▸ **DATASET EXTRACT**:

──────

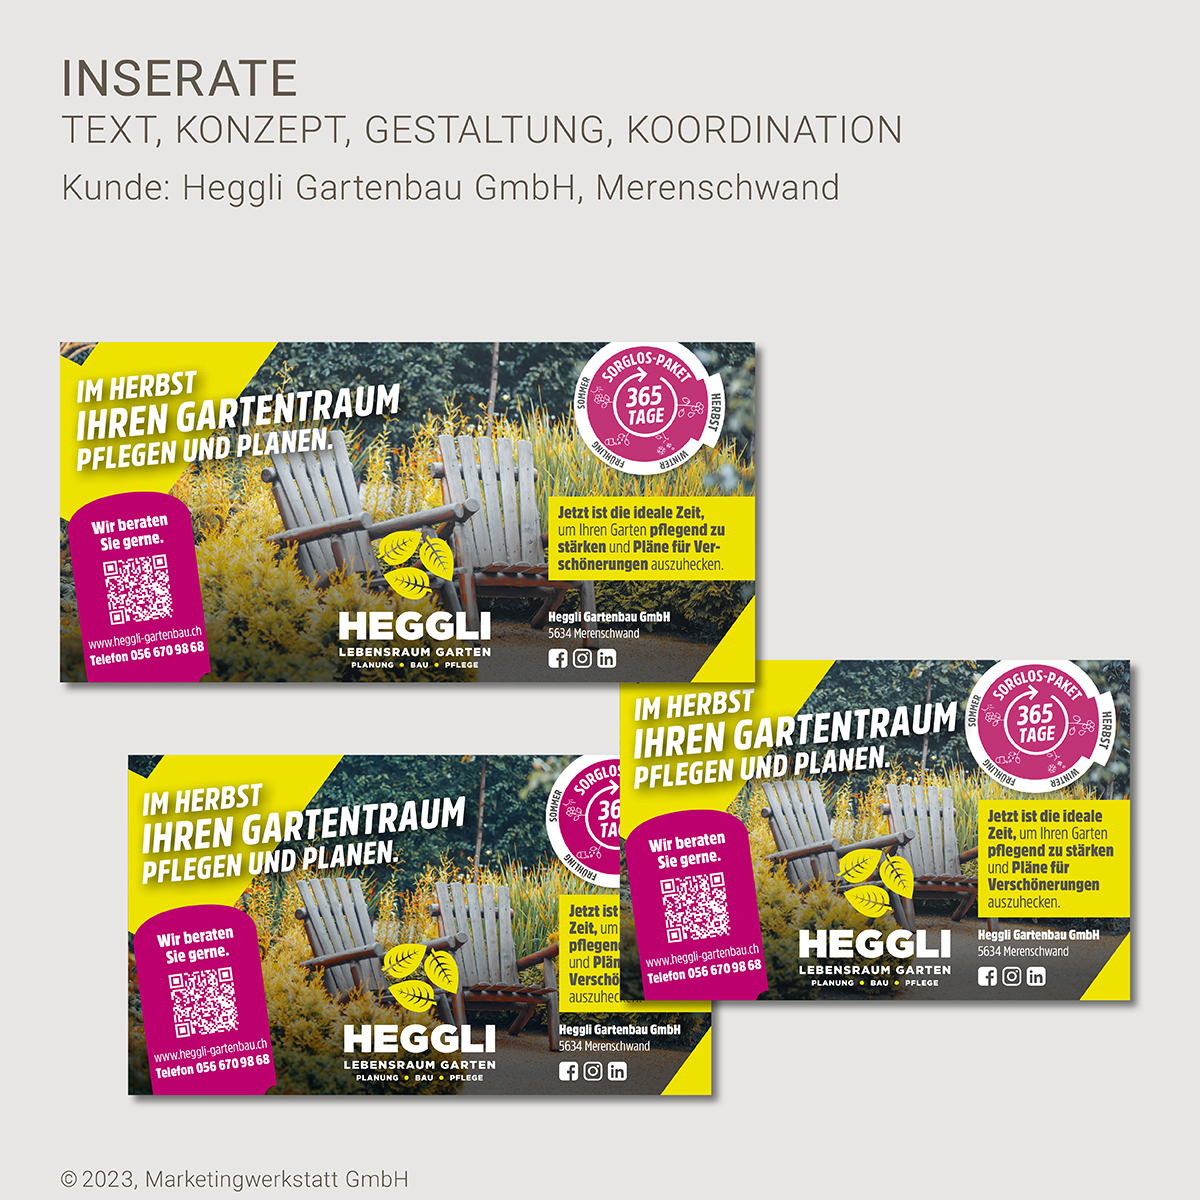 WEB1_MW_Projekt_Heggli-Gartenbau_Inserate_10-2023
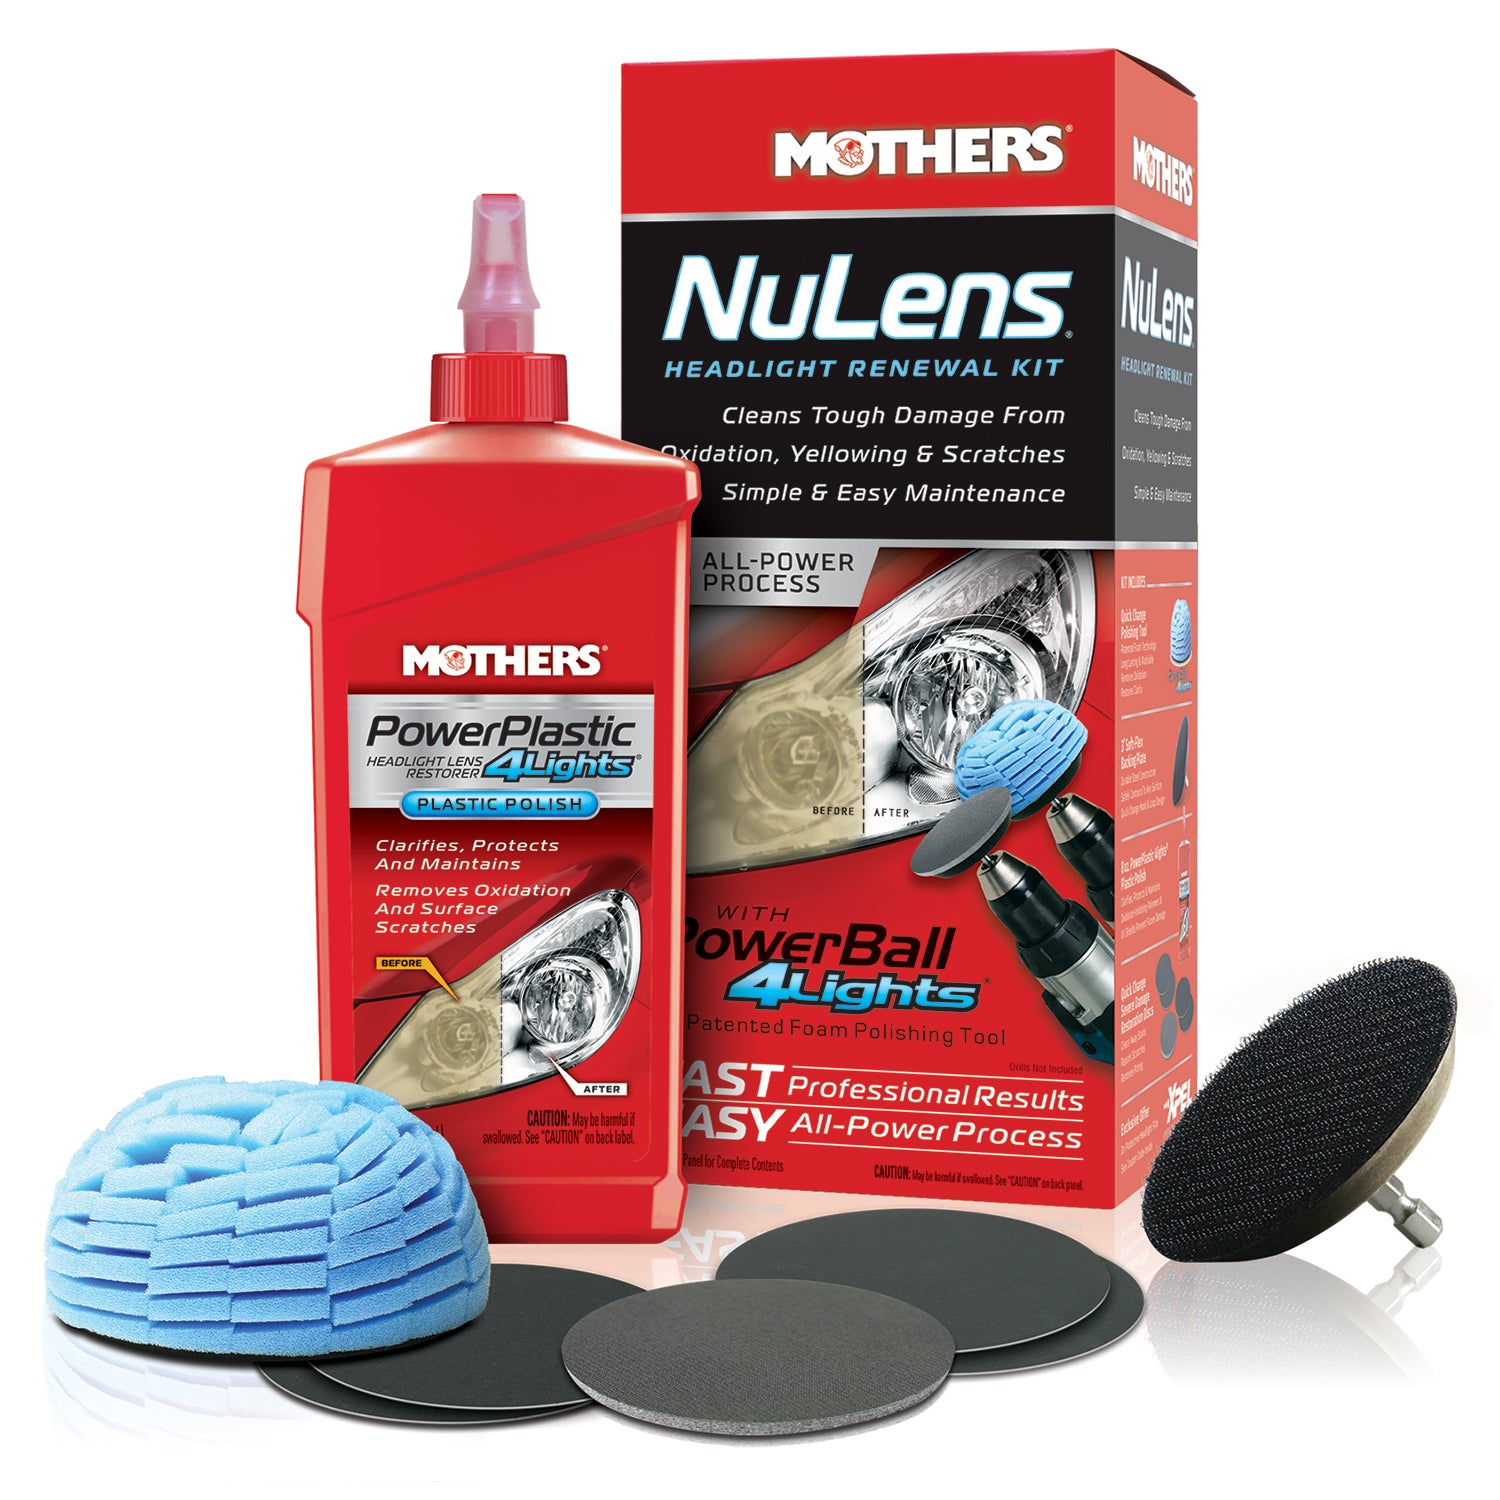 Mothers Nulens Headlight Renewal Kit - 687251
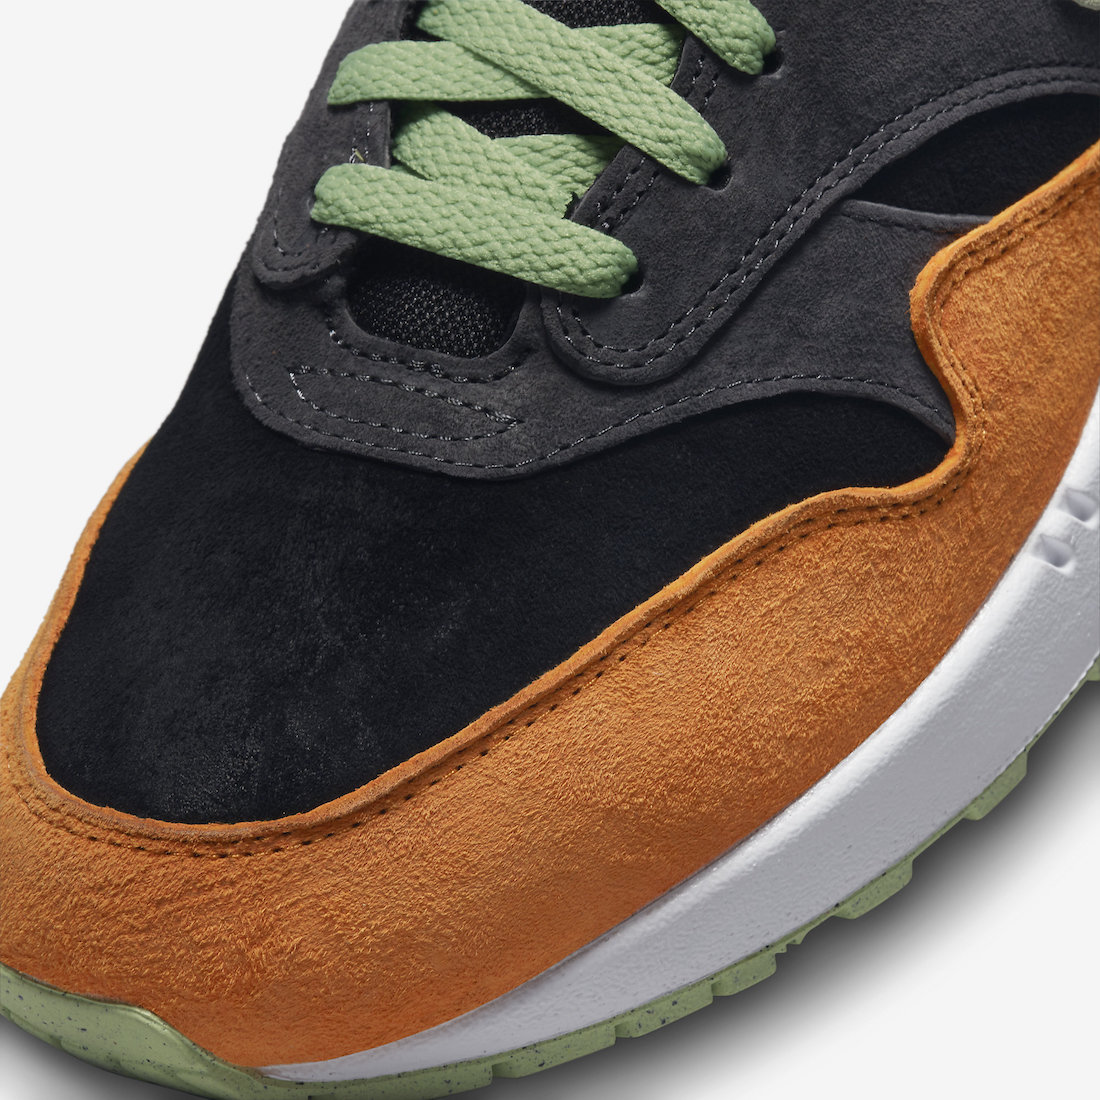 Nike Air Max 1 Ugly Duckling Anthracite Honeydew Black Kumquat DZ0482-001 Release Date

──────

▸ **WHAT THE EXERCISE ASKS**: Could you set down, exactly as written, every line from the one with "Mothers Nulens Headlight" to the end of the data, both ends included? Leave out the pictures.

▸ **TASK ANSWER**:
 Mothers Nulens Headlight Renewal Kit - 687251
 Nike Air Max 1 Ugly Duckling Anthracite Honeydew Black Kumquat DZ0482-001 Release Date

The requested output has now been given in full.